1. Account risk tolerance
2. Profit expectations
3. Position opening size
4. Position adjustment
Traders are affected by emotions, especially when there are significant losses. An effective and complete mechanical trading system, its rules cover every aspect of the transaction, leaving no room for traders to think subjectively. Follow it strictly and the system will make money for you and help you survive the financial losses and mental torture of the decline period.
Traders are lonely, friends are welcome to leave messages below.
The importance of emotional control in futures trading is second only to risk management. Although many people have already answered, as a little leech with twelve years of trading experience in the capital market, I also I want to share my little experience.
Although the length of time he has been "hanging around" in the capital market is not considered "experienced", the scale of managed funds is already 2 billion, and he is constantly experiencing continuous growth, so he is willing to Some gains are shared for reference.
Inner emotions are a key factor in the success of a trader. It is not difficult to have one or more excellent trading systems, but if you have ego, fear, greed or gambling emotions during the trading process, then manage them The capital account is not so safe. Especially in leveraged products such as futures, any irrational trading psychology is a lurking bomb.

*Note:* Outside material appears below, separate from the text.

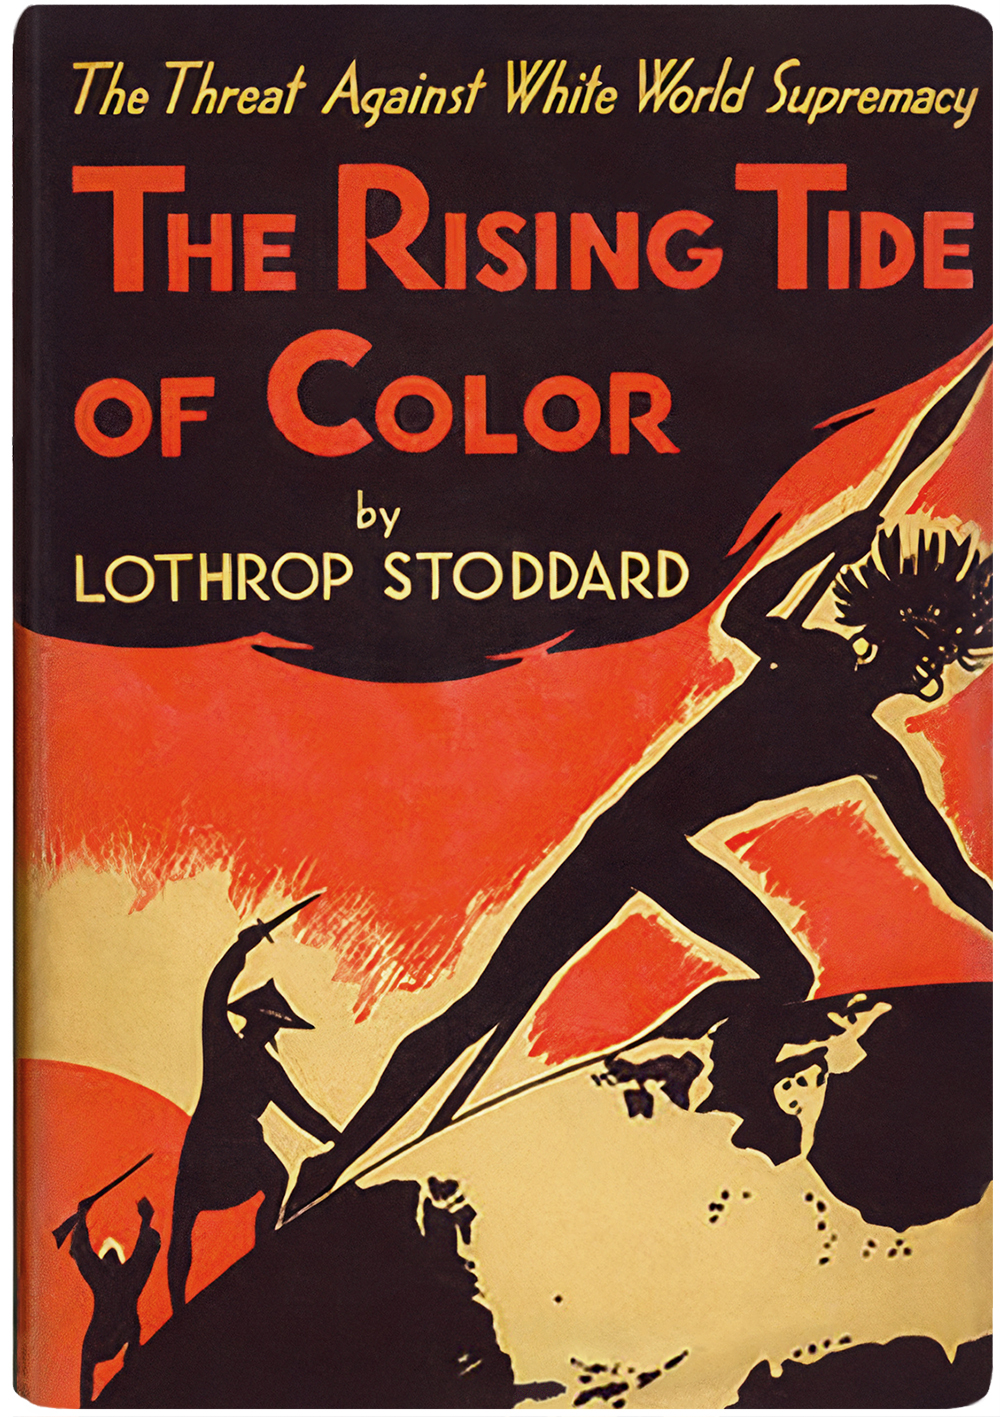 Dust_jacket%2C_first_edition_of_The_Rising_Tide_of_Color_Against_White_World-Supremacy.jpg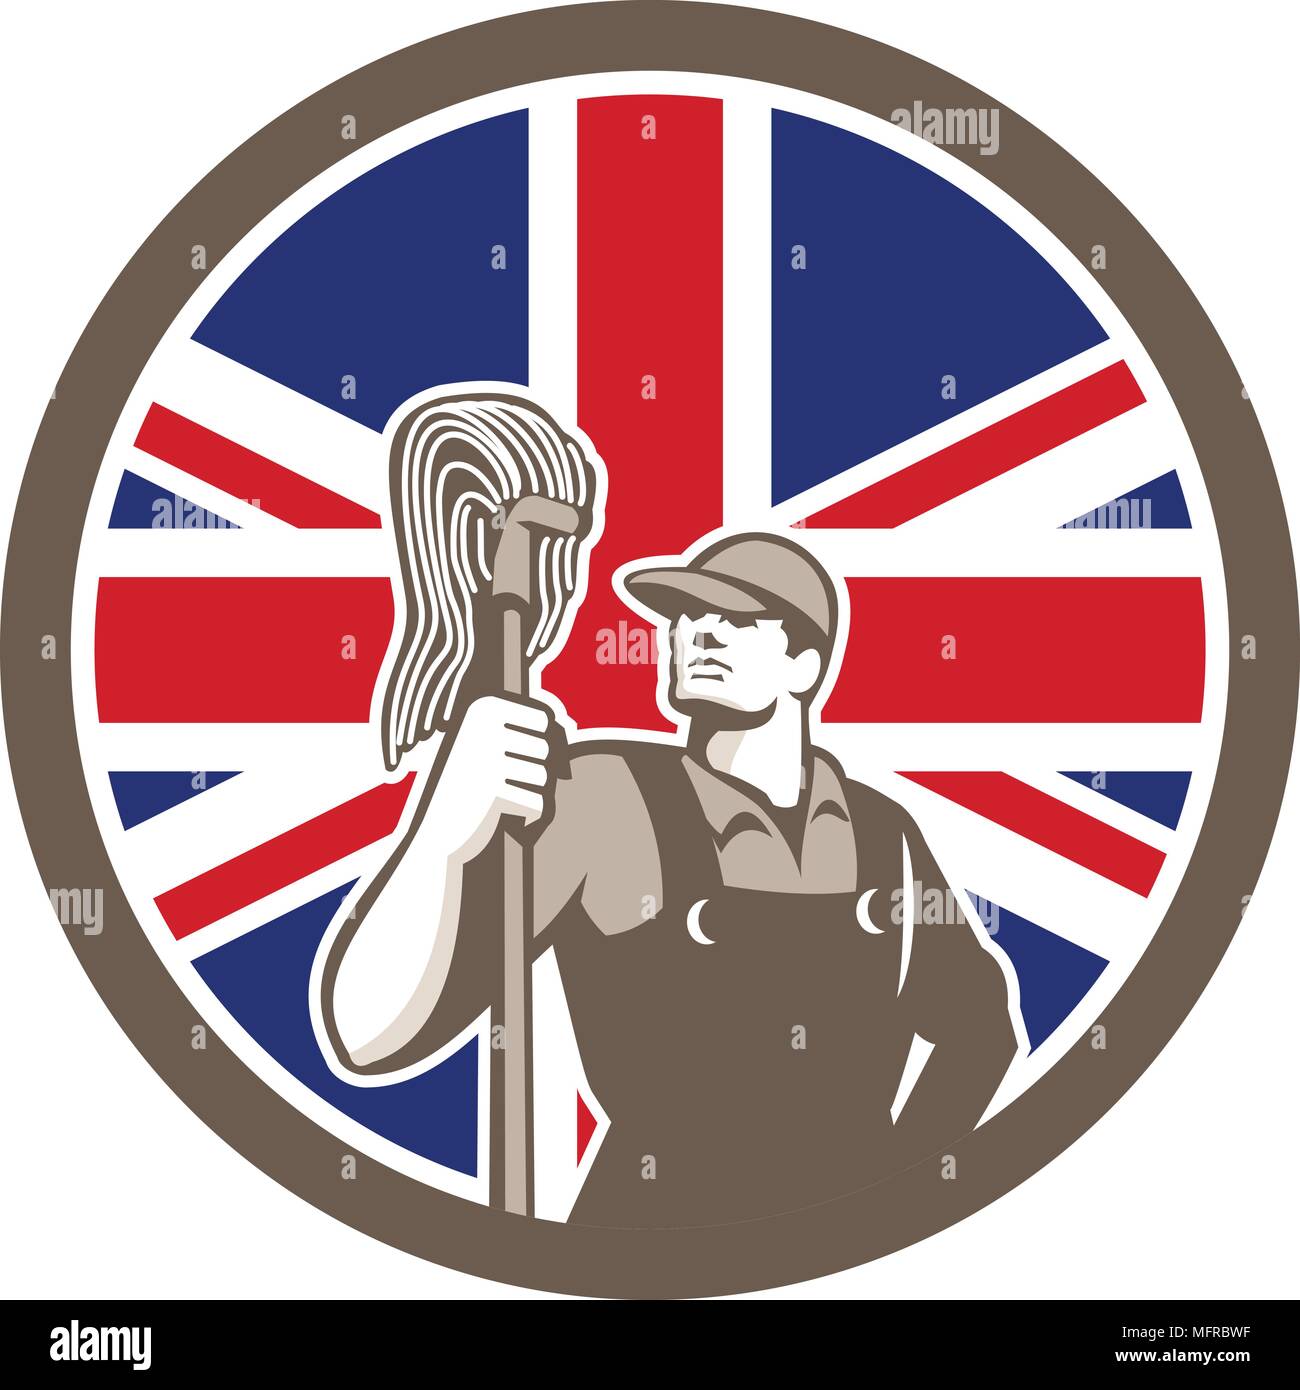 Icon retro style illustration of a British professional industrial cleaner or cleaning services worker holding mop with United Kingdom UK, Great Brita Stock Vector

Before controlling your emotions, please look for bad psychology. First of all, please carefully review your mental state during several transactions. Are there any of the above unhealthy "potential bomb emotions"? It must be objective and not blindly confident. If it exists, write it/them on paper first - forming a "little note" to remind yourself all the time.
Traders will race against time every time they encounter a trading opportunity. They wish they could place orders in 0.01 seconds, but on the way to restraining bad emotions, they must slow down. Before placing an order, you must take a look at the "little note" you wrote to see if the transaction you want to make now contains the bad trading psychology written on the "little note". If it exists, please think about it again; if it does not exist, then implement it decisively.
Although this word is used too strongly, most people step into the same wrong river repeatedly throughout their lives. Some psychological patterns will repeatedly affect your trading system. The pre-market summary of the next day will help you to look at the previous day's transactions soberly, and be sure to find those key transactions with "self-destructive" tendencies. Don't blame your losses on bad luck or other people. If you have the patience, you can create your own trading journal and summarize recurring patterns of success and failure. Stick to good trading behavior and end the bad historical cycle.
Many traders, especially those with successful experience, are unwilling to take risks when they should. However, the capital market, especially the futures market, is a high-risk investment product with leverage. Traders must understand that this is not a sure-win game. Some traders do not accept losses and choose to "resist" when they make errors in judgment in the transaction itself. This is not good. You must understand that if you fight hard, you will make a small amount of money; but if you fight hard and make a mistake, you will lose a lot of money. Everyone understands that take profit should be greater than stop loss, but why do we choose a trading method that does more harm than good when executing?
As a trader, you often bear transaction risks. As a high-risk trader, you should think about the reasonable range of risk control before making every decision. Make a plan and stick to it. Because once you miss the opportunity to execute and go in the opposite direction to your expectations, if you still avoid it, it will only make it more difficult to control your emotions.